Когда господин министр прибыл в дом, здесь, словно в театре, было полно
по-европейски одетых господ и дам. Его это очень удивило. Лорд ожидал
увидеть русских купцов в старообрядческой одежде и в сапогах.
Несмотря на постоянный зверский аппетит, таившийся в худощавом теле,
сэр Альфред совершенно не мог видеть, по крайней мере еще два часа,
накрытого стола. Его помощник Джордж Клерк сообщил это Брюсу, а тот - своим
близким московским друзьям - устроителям вечера. Хозяева были вынуждены
согласиться, что гость удалится для отдыха в отдаленный и тихий покой. Но и
это время министр использовал с пользой для Британской империи. Не успел он
расположиться в уютной гостиной, как ему был представлен председатель
Всероссийского земского союза князь Львов, кандидат в премьеры будущего
министерства общественного доверия.
Князь был спокоен, говорил сдержанно. Его седая бородка была аккуратно
подстрижена. Темные глаза светились умом. Из его шевелюры, несмотря на
возраст, не упало, наверное, еще ни одного волоска. Изящный фрак облегал
худое тело человека, явно привыкшего к верховой езде.
Господа расположились в покойных креслах. Кроме князя, из русских был
еще Коновалов. Но он держался на втором плане, памятуя о том, что назавтра
лорд принял приглашение побывать у него и встретиться с избранными
промышленниками. Тем не менее сэр Альфред знал, что именно Коновалов был
самой влиятельной фигурой в Москве и "серым кардиналом" Львова.
Князь Львов без предисловий стал зачитывать меморандум, который он
подготовил для передачи лорду Мильнеру. Предварительно он вручил сам
документ.

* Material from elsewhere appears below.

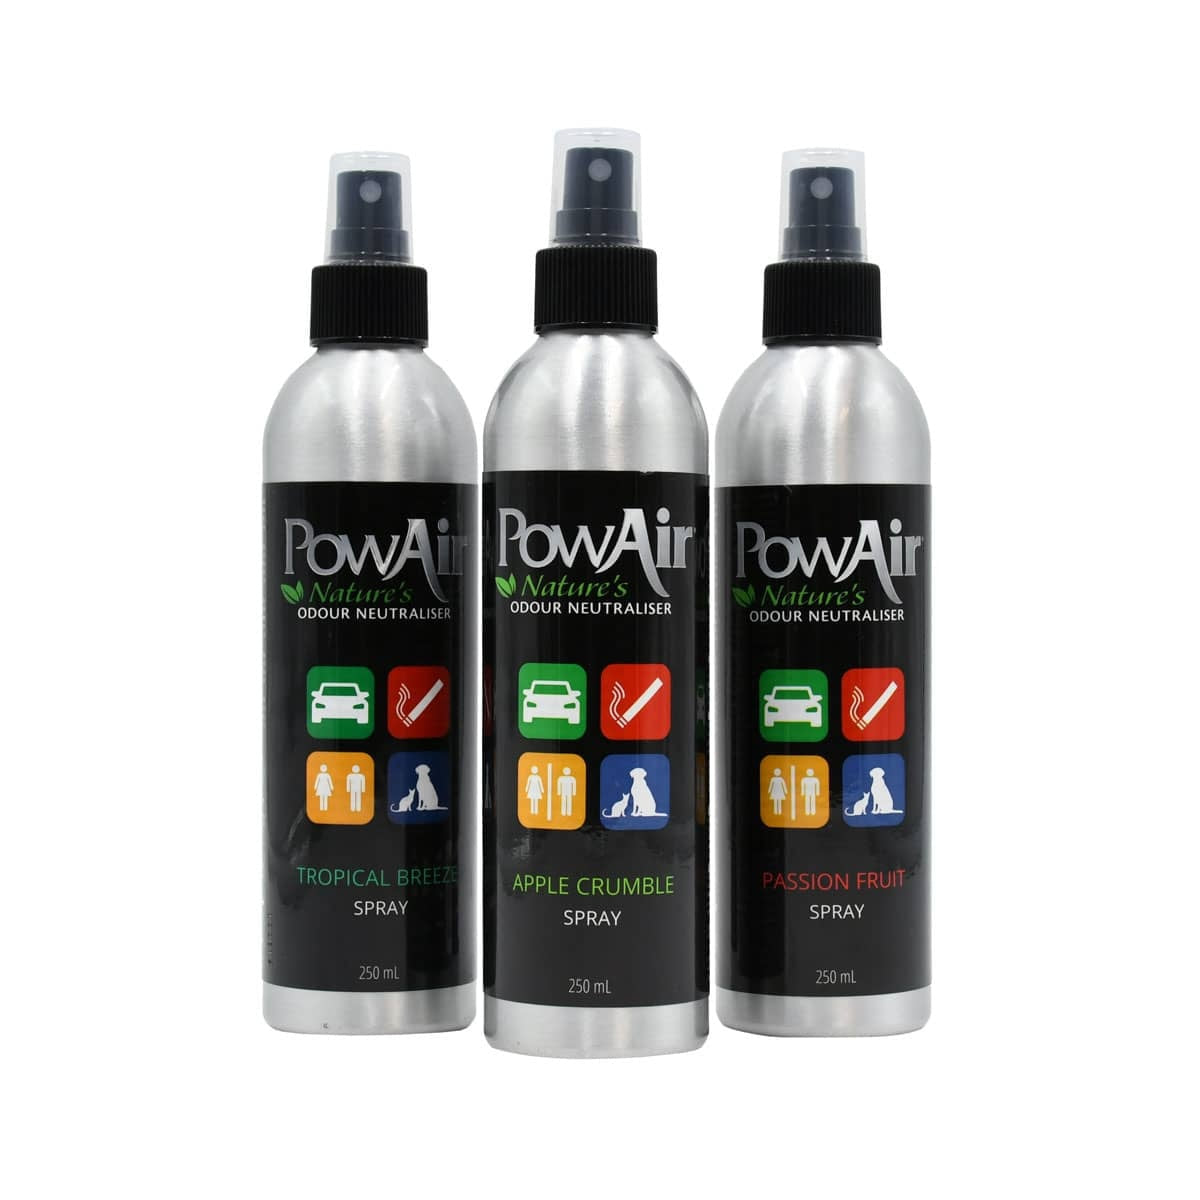 PowAir Odour Neutraliser Spray 250ml Passion Fruit

На нескольких страничках были напечатаны двенадцать пунктов,
сообщавшие цели и задачи буржуазных заговорщиков. Меморандум говорил,
во-первых, что война ведется на два фронта: против искусного и упорного
врага вовне и не менее упорного и искусного - внутри. Под внутренним врагом
явно имелась в виду царская клика и администрация, в том числе и охранка.
Далее ставилась задача отделения "своих", то есть людей, понимающих и
признающих наличие внутренней войны, от тех, кто не понимает или не хочет
признавать равенства внешнего и внутреннего фронтов. В-третьих, требовалось
признание того обстоятельства, что победа над внешним врагом немыслима без
предварительной победы над внутренним.
Один из пунктов извещал о назначении штаба из десяти лиц, среди которых
основная ячейка - князь Львов, А.И.Гучков, А.Ф.Керенский и А.И.Коновалов.

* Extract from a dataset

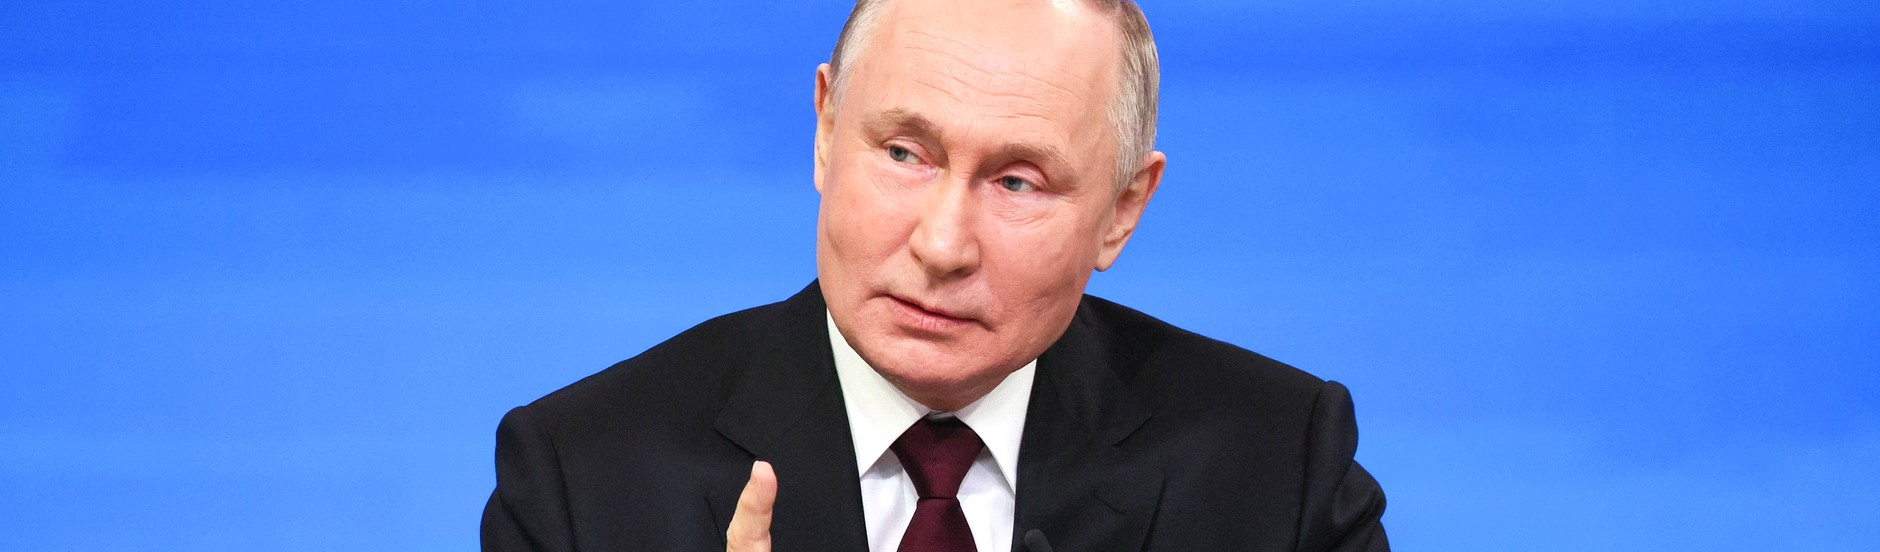 Putin: Dolarização de Milei é perda de soberania e séria ameaça socioeconômica

Воспитанному лорду вдруг захотелось присвистнуть по-простонародному.
Встреча с князем Львовым открыла наконец глаза Мильнеру, для чего его
повезли в первопрестольную. Москва явно сделалась важным центром буржуазной
оппозиции, ибо ее промышленная и финансовая мощь сковывалась самодержавным
строем, и московские промышленники, торговцы и финансисты стремились вырвать
власть у царя, петроградского чиновничества и дворянства.
Меморандум указывал, что важным фактором успеха является влияние газет
на публику, а посему журналистов необходимо подчинить штабу оппозиции,
требовать их согласованных действий. Неподчиняющихся заставить молчать,
изгоняя с работы... "Ну совершенно британские методы подавления
инакомыслящих!" - умилился лорд Мильнер.
Закончив чтение и подняв на собеседника чистые глаза, князь Львов
подытожил, что если позицию царя в ближайшие дни не удастся изменить, то
есть не удастся "мирным" путем вырвать "ответственное перед народом"
министерство, то через три недели произойдет переворот.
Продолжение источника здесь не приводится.